2021.03.07 事業参画・売買レポート


 2021年3月2日、三井物産株式会社(以下、「三井物産」)は英国のCO2回収・貯留事業を行うStoregga Geotechnologies Limited(以下、「SG社」)に出資参画することを発表した。

(Acorn CCS プロジェクト地図 出典:三井物産株式会社)

 SG社は同社100%子会社のPale Blue Dot Energy Limitedを通じて、スコットランド北東部のセントファーガスにおいてAcorn CCS(Carbon Capture and Storage) and Hydrogen Projectを主導的に進めている。当該プロジェクトはセントファーガスの石油ターミナルの既存施設を活用して、英国や周辺諸国のCO2を回収・輸送・貯留を行うものであり、CO2貯留層として生産が減退した油田やガス田を活用する。

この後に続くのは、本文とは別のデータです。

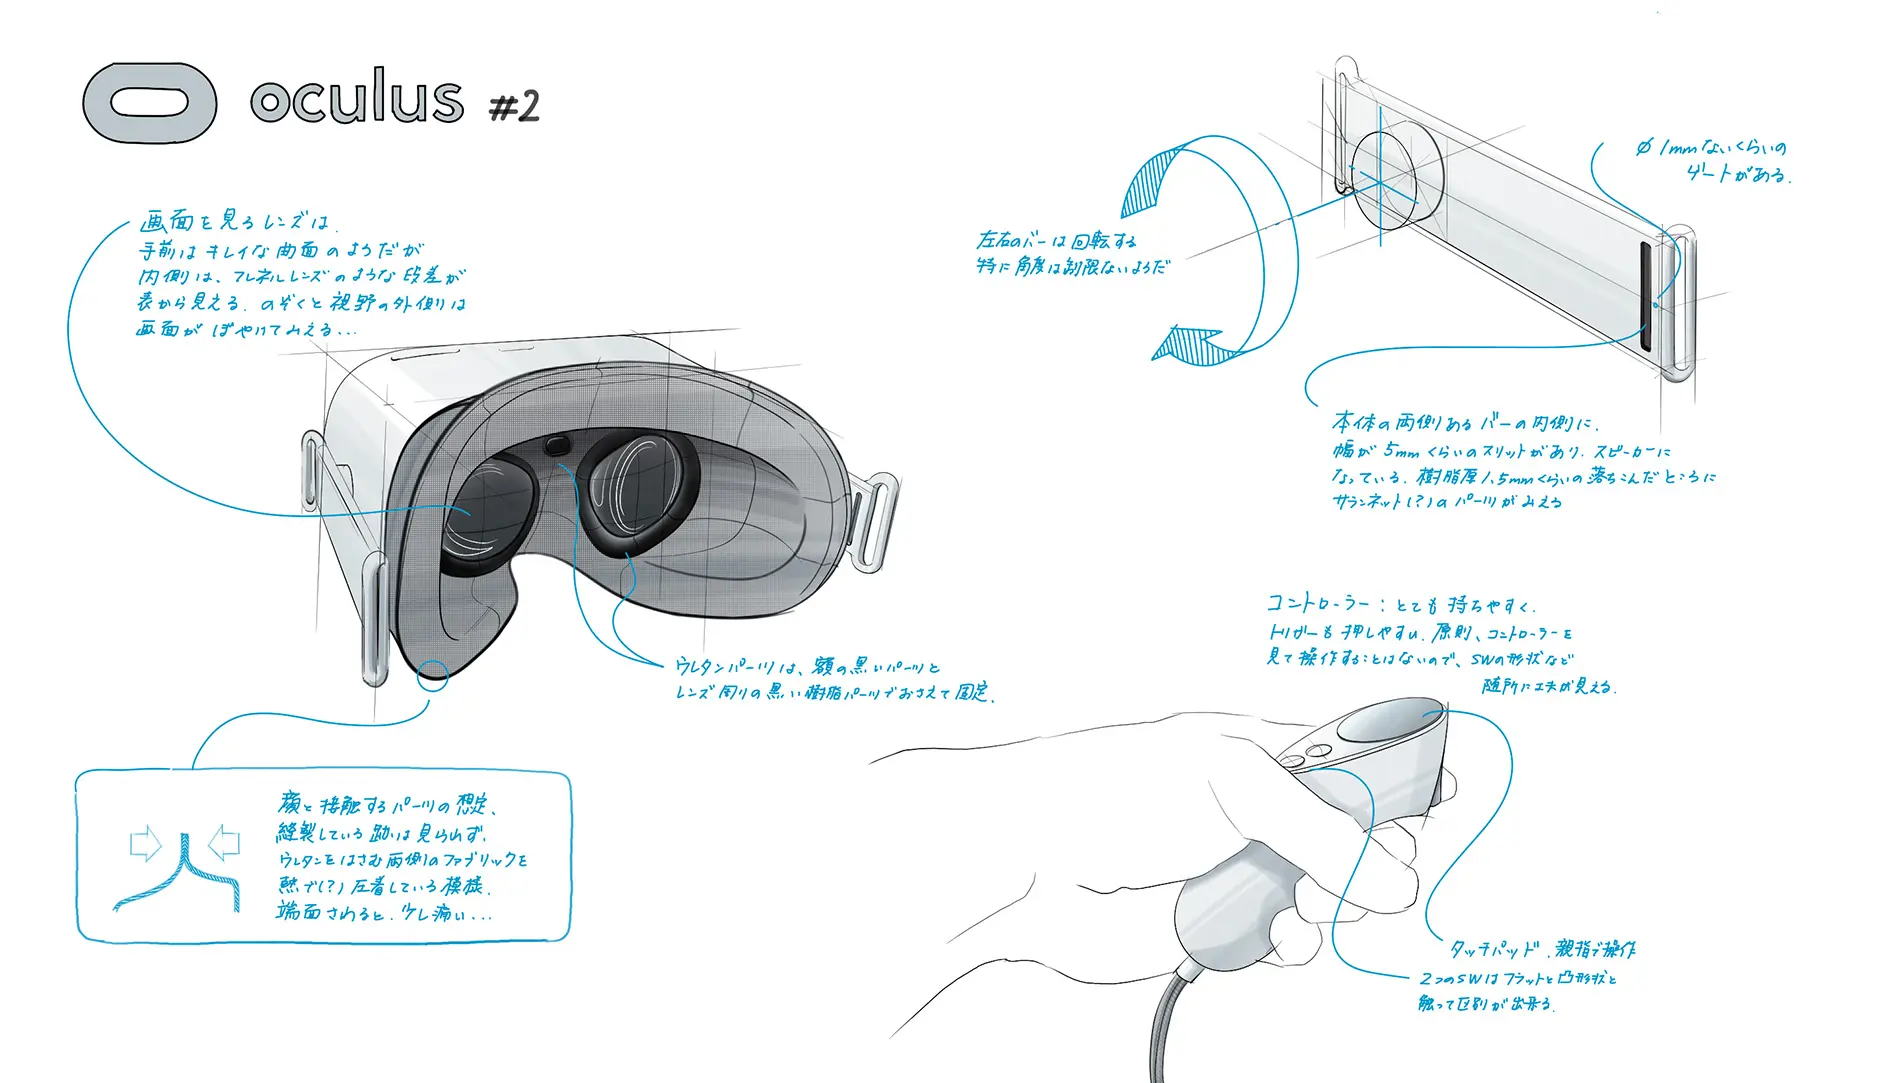 プロダクトのデザイン分析・観察スケッチ01 oculus

 加えて、当該プロジェクトでは家庭や工場等で使用する水素エネルギーを北海の天然ガスから作り出すことも計画されている。水素生成時の過程で生じる二酸化炭素は同プロジェクトの中で回収・貯留する。セントファーガスの石油ターミナルは英国全体で使用される天然ガスの約3分の1が荷揚げされており、プロジェクトが実現すれば英国内の水素生成やエネルギー活用の弾みになる。

 三井物産は出資参画後、石油・ガス上流事業の知見やビジネスネットワークを活用して、SG社の事業基盤強化を支援する方針。SG社の主な株主は、三井物産(15.4%)、Macquarie Group Limited(豪州、21.5%)、GIC(シンガポール、15.4%)、創業者(Nicholas John Cooper他、47.7%)となる。(*カッコ内の数字は出資比率)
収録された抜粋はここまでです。